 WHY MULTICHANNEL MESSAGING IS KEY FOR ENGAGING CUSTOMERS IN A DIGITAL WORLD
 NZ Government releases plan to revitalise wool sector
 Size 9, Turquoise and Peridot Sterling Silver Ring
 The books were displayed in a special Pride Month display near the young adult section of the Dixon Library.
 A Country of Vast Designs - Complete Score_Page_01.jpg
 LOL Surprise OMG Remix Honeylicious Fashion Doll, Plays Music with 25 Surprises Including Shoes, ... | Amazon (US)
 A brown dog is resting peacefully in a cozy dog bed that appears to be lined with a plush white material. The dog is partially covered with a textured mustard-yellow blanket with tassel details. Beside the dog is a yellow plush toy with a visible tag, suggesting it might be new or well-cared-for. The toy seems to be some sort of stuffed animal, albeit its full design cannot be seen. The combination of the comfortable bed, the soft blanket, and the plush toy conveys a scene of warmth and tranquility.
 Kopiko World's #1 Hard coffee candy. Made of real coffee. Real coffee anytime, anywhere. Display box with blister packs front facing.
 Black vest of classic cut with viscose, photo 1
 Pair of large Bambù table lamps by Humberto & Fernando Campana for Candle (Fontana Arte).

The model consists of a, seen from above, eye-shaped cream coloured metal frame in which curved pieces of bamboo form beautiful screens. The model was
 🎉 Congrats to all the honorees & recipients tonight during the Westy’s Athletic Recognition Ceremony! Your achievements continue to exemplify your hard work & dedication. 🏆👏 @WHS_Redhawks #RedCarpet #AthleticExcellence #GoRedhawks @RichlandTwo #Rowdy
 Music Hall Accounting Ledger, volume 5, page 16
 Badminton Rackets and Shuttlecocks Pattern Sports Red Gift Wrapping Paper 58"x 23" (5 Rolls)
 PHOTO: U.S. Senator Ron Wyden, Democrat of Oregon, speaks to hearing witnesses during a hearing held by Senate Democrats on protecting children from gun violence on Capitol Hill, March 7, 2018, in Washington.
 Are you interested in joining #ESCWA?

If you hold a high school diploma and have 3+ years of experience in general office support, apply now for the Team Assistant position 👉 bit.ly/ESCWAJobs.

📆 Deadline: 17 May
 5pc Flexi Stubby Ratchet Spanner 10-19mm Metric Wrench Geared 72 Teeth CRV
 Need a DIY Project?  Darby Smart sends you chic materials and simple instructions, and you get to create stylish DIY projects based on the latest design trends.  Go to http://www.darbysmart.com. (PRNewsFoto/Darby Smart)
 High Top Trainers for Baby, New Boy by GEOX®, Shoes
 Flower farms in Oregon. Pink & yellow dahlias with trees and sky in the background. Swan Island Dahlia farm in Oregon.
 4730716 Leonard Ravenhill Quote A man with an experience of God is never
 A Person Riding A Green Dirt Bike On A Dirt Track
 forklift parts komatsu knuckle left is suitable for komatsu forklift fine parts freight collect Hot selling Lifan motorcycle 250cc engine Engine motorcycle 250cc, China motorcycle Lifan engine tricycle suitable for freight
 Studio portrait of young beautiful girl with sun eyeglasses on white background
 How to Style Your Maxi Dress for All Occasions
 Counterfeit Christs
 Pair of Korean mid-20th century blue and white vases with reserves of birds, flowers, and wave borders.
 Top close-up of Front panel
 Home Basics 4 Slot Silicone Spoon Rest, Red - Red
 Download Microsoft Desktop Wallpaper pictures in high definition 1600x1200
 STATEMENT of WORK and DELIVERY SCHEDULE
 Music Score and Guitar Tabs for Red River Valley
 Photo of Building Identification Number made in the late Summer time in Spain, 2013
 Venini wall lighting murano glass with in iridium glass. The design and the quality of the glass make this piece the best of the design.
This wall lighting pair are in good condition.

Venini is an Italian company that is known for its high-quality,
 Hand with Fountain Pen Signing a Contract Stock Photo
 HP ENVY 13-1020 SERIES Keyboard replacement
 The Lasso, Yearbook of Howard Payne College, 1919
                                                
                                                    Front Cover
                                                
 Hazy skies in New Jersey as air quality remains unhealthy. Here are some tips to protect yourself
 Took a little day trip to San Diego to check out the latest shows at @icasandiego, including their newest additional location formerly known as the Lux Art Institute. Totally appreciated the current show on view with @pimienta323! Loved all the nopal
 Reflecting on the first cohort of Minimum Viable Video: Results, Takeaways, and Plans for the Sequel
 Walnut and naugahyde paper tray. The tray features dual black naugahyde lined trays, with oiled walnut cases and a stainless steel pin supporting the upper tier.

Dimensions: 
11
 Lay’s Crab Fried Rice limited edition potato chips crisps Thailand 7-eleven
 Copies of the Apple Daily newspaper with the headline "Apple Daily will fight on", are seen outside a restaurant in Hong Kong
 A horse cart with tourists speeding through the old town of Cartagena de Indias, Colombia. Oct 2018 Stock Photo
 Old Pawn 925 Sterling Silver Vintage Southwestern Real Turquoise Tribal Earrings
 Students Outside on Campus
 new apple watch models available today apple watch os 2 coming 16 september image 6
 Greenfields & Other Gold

◆ **ABOUT THIS TASK**
The lines to copy run from the start of the records above through the line holding "LOL Surprise OMG"; give them exactly, both ends included, and nothing else.

◆ **EXERCISE OUTPUT**
 WHY MULTICHANNEL MESSAGING IS KEY FOR ENGAGING CUSTOMERS IN A DIGITAL WORLD
 NZ Government releases plan to revitalise wool sector
 Size 9, Turquoise and Peridot Sterling Silver Ring
 The books were displayed in a special Pride Month display near the young adult section of the Dixon Library.
 A Country of Vast Designs - Complete Score_Page_01.jpg
 LOL Surprise OMG Remix Honeylicious Fashion Doll, Plays Music with 25 Surprises Including Shoes, ... | Amazon (US)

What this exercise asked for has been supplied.